Three counterintuitive scenarios for driverless vehicles

The standard story is that traffic deaths will dwindle, cities will spread out magnificently, and you’ll all be reading MR on your morning commute rather than fighting the traffic.  Maybe so, but what other options are at least worth considering, if only out of contrarian orneriness?:

1. Driverless cars are not actually much better than the really good German streetcar systems.  Those come closer to door-to-door service than many people realize, and of course they have lower energy and congestion costs.

2. The need for exact mapping of streets will restrict driverless vehicles to well-known, well-trodden paths, much like bus lines.  There is nothing wrong with that, but ultimately it won’t do more than save the cost of the bus driver.  Or worse yet — some automobile lanes may be turned over to municipal driverless vehicles in a way which makes traffic problems worse.  It will end up as a way to push cars out of the picture, without building up the broader mass transit network very much.
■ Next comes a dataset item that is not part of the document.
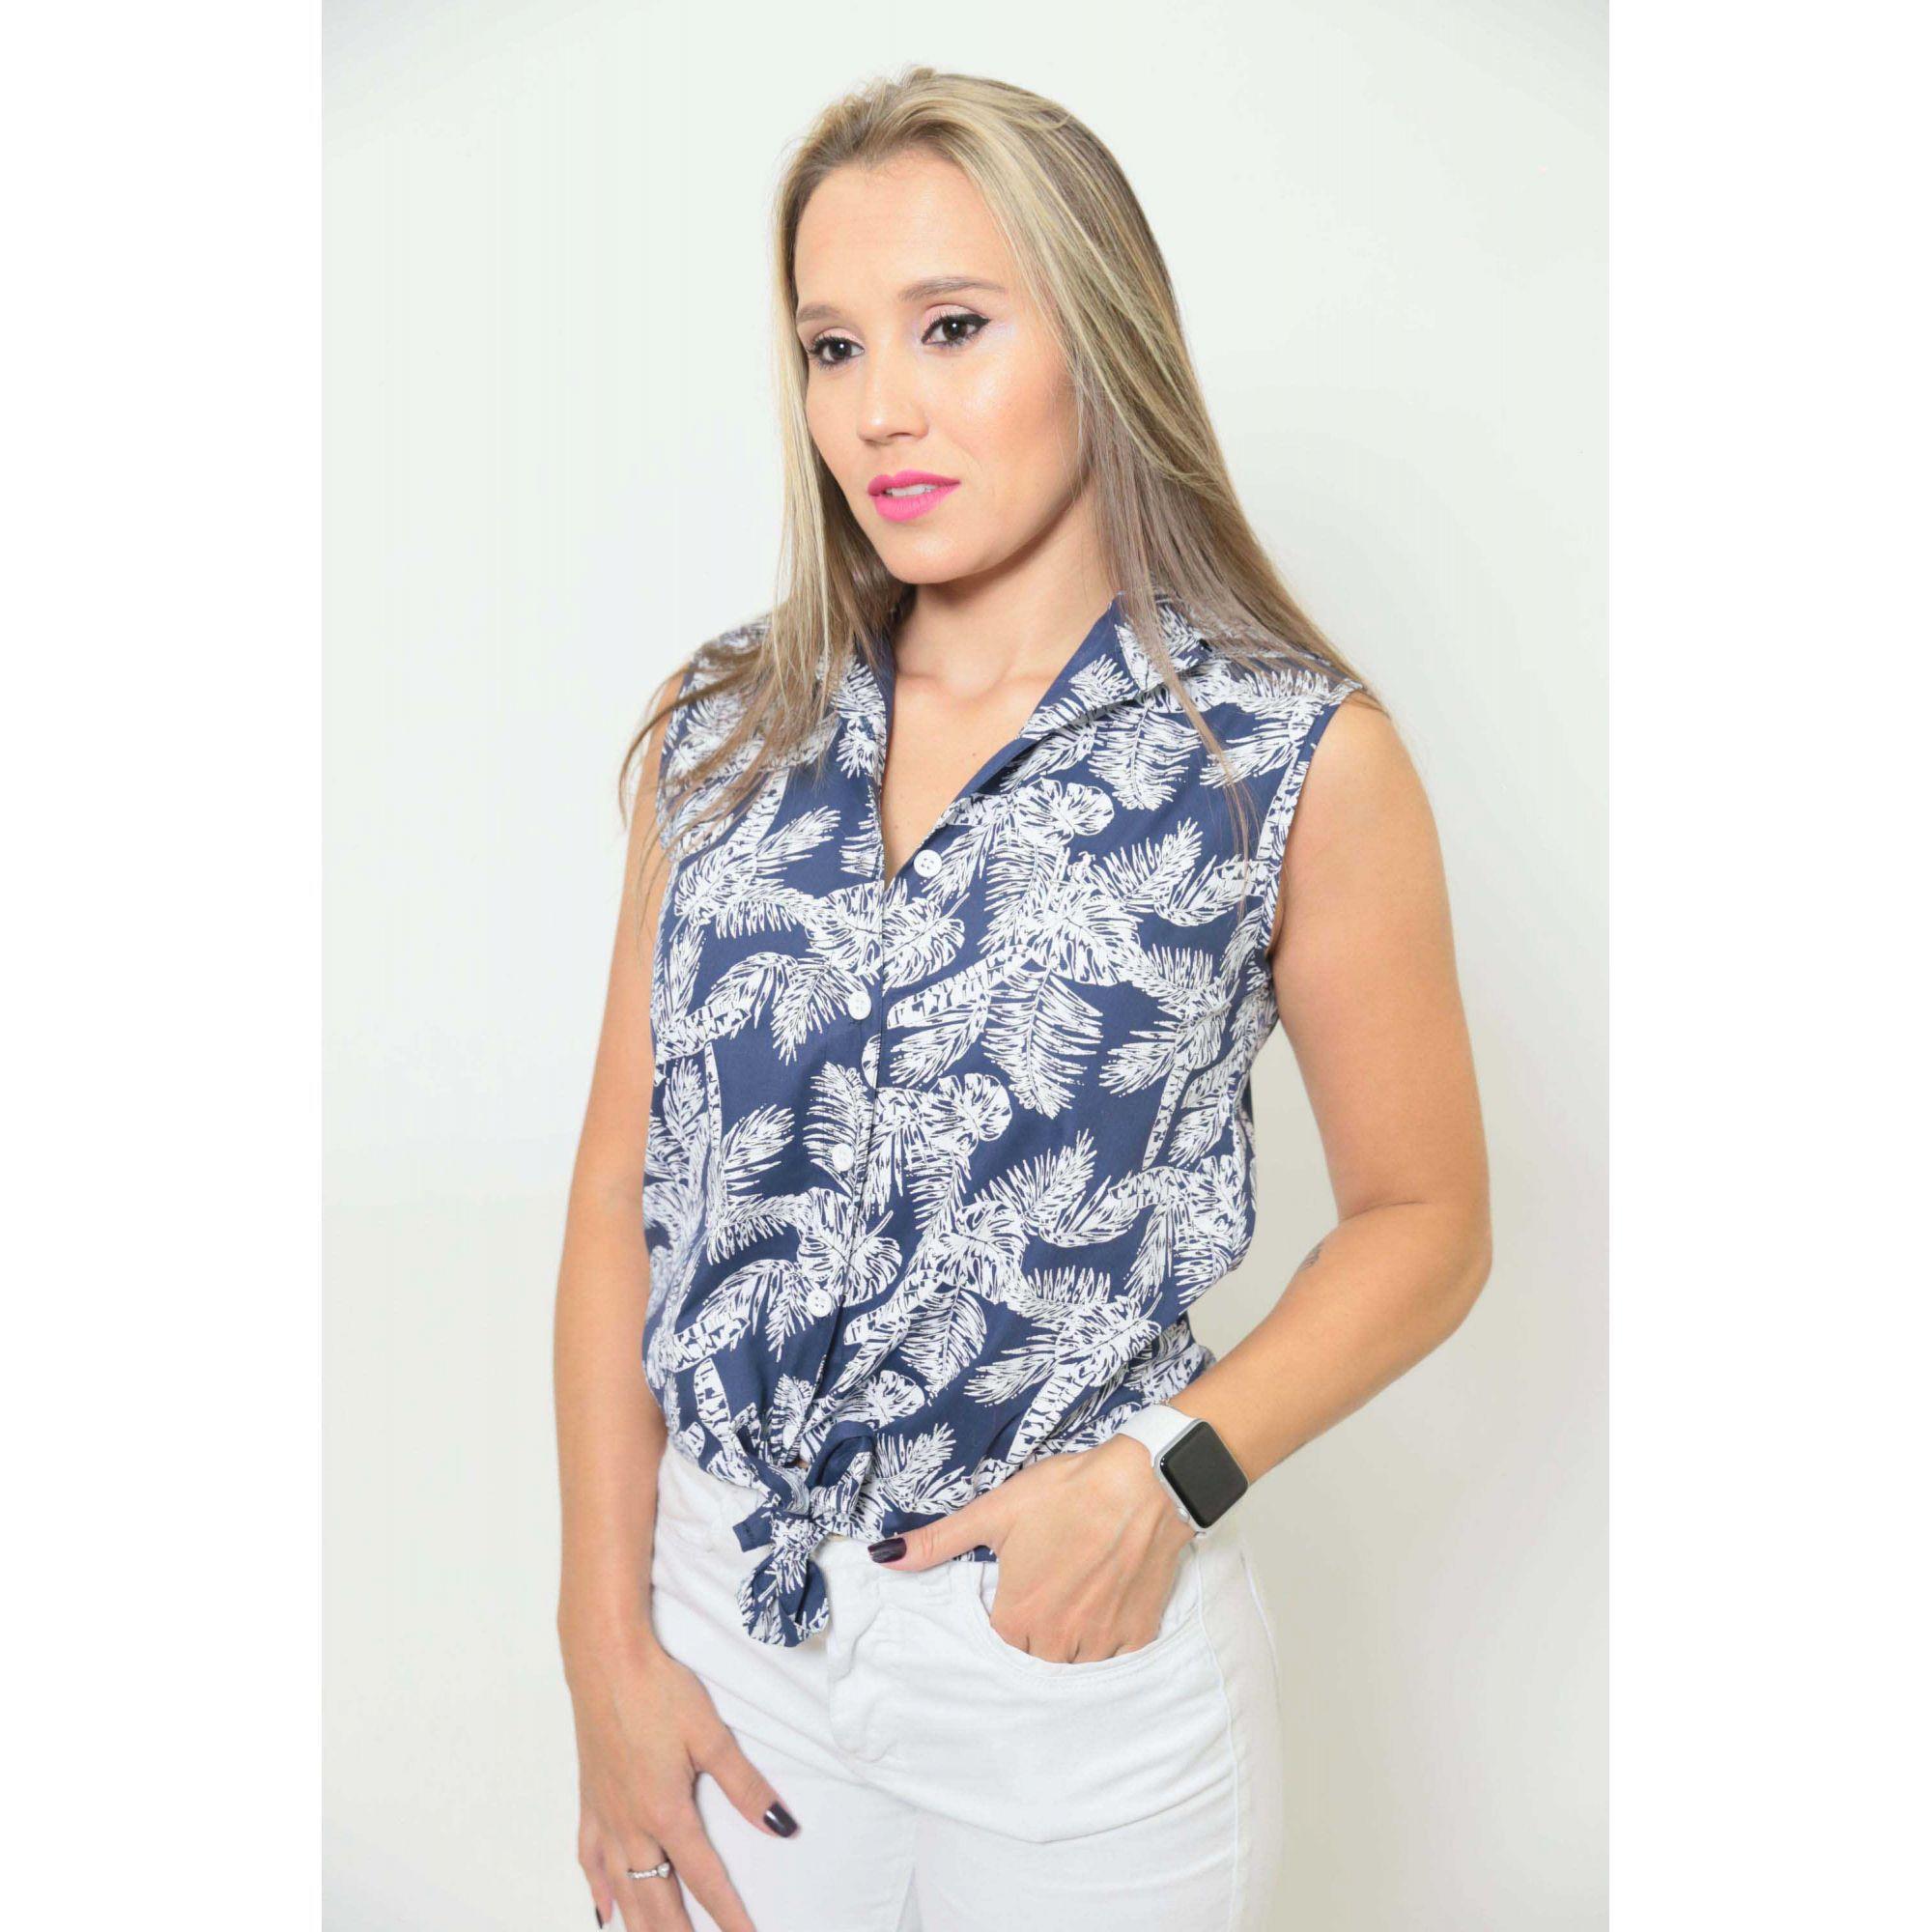 MÃE E FILHO > Camisa Feminina + Bermuda Infantil Azul Floresta [Coleção Tal Mãe Tal Filho]  - Heitor Fashion Brazil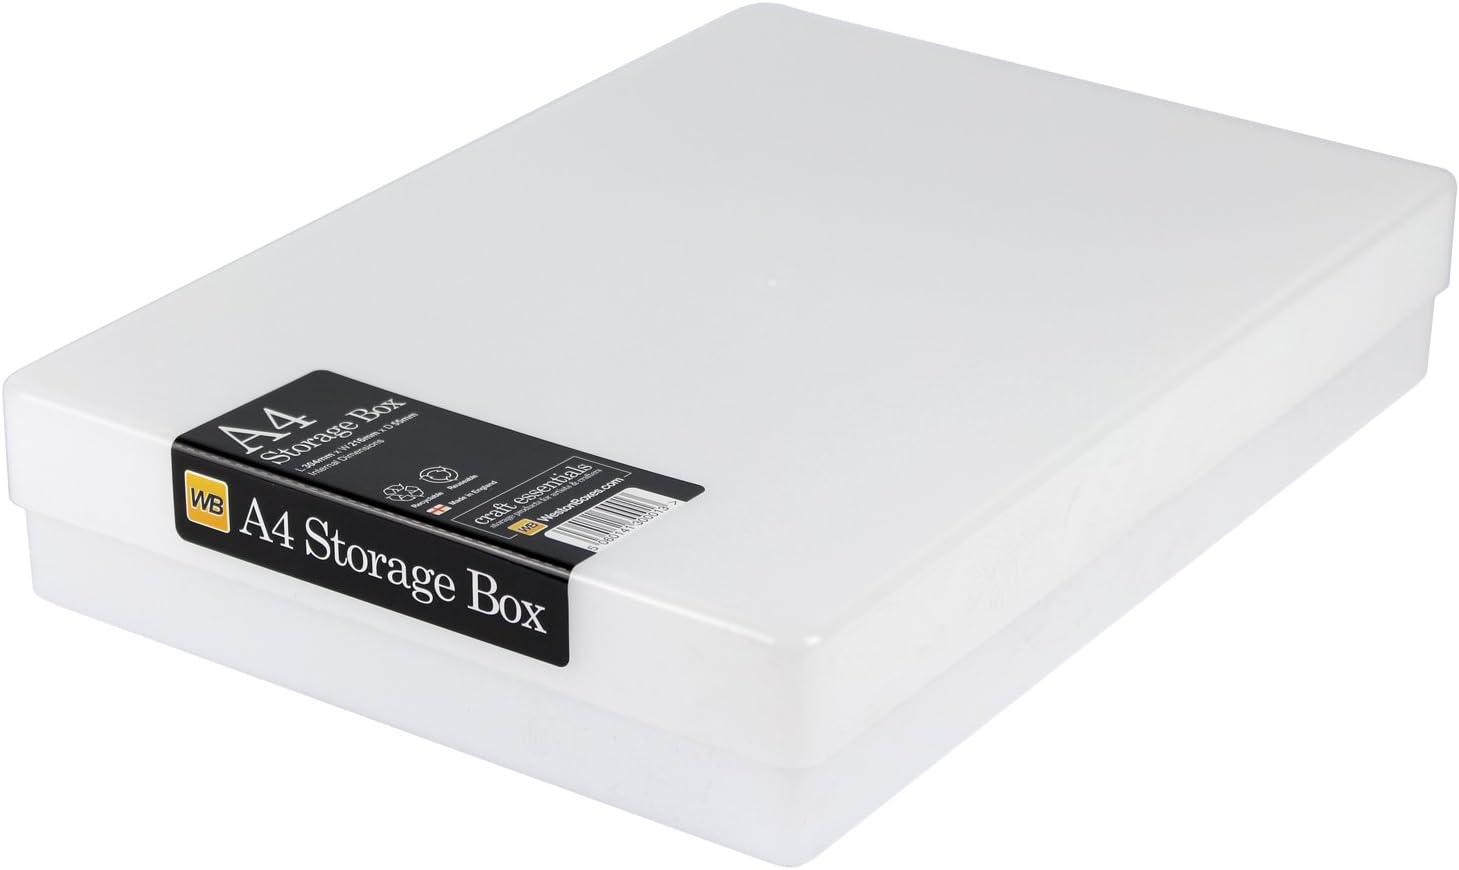 WestonBoxes - Caja de almacenamiento A4 para papel A4 y manualidades (Blanco, Paquete de 10): Amazon.es: Oficina y papelería

3. Driverless cars will give governments a chance to “redo” the whole driving side of American life.  Is this so great?  (Imagine if we had to write a new Constitution today.)  Just think, with driverless cars and laissez-faire there will be so many car trips, a city might collapse under the weight of its own congestion.  So a quantity-rationed system will be introduced, and ultimately all of driving will end up more controlled and more regulated, based on licenses in fact and no I don’t mean drivers’ licenses.

Most generally, your predictions for driverless cars should depend heavily upon: a) will there be rational congestion pricing?, and b) how rapidly will cities rezone to take advantage of the new opportunities?  I am not sure we should be especially optimistic about either a) or b).

Or put it this way: the absence of congestion pricing in most major urban centers means we are already bad at running roads, for whatever public choice reasons.  So maybe we’ll get a bad version of driverless cars too.

For a conversation related to this post I am indebted to Alex Tabarrok and also Joe Bous.